Retributive Damages: The Abstract

So, as threatened, I've finally got a serviceable draft of Retributive Damages ready. Once I've finished blogging about and through the Punishing Family Status article, I will return to blogging about this project but since I've just sent it off to the law reviews and am basking in the utter sense of possibility(ha!), I thought I'd share the abstract, which is a bit different than the one up on SSRN.

Not long ago, Professor Cass Sunstein and his co-authors lamented that our legal culture lacks “a full normative account of the relationship between retributive goals and punitive damages.” This Article offers that full normative account — through a theory of “retributive damages.”

Under the retributive damages framework, when people defy legal obligations the state has imposed to protect the rights and interests of others, the state may either seek to punish them through traditional criminal law or make available the sanction of retributive damages, which would be credited against any further criminal sanctions imposed by the state for the same misconduct.
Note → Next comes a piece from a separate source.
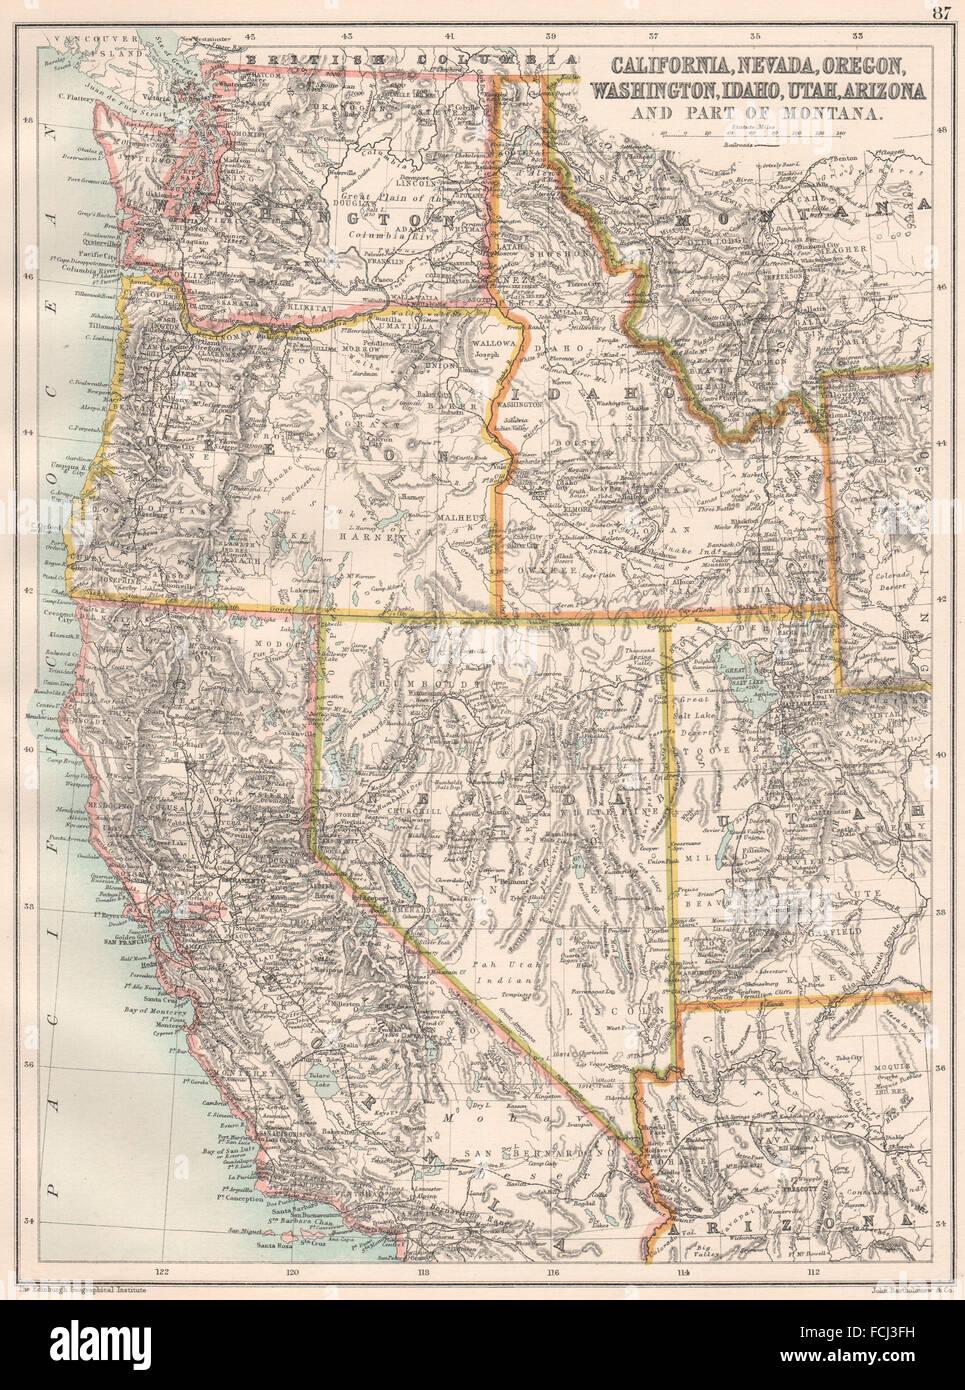 Karte Usa Westen.Westen Der Usa Kalifornien Nevada Oregon Washington Idaho Utah

Retributive damages statutes would empower private parties to act on behalf of the state to seek the imposition of what is in effect a fine determined largely by the reprehensibility of the defendant’s misconduct. The base amount of the fine would assess a percentage of the defendant’s wealth (or net value for entities) that increases with the reprehensibility of the defendant’s misconduct, an assessment informed by guidelines and commentary provided by the state. The total retributive damages award should also include gain-stripping amounts, if any, in excess of compensatory damages, as well as lawyers’ fees and a modest and fixed award for the plaintiff for bringing the matter to the public’s attention. These payments together (to the state, the plaintiff, and the lawyer) constitute the best way to structure punitive damages to advance the goals of retributive justice.

After offering some background on punitive damages and how retributive justice differs from other rationales for punitive damages such as optimal deterrence or victim-vindication, the Article describes the structure of retributive damages and clarifies the comparative advantages of retributive damages vis-à-vis other remedies and mechanisms. Finally, the Article defends the retributive damages framework against possible constitutional objections. Importantly, the account here not only answers Professor Sunstein’s challenge, but also promises to makes sense of the Supreme Court’s recent and somewhat puzzling holding in Philip Morris USA v. Williams, i.e., that juries may not calculate punitive damages by considering the amount of harm caused to strangers to the litigation.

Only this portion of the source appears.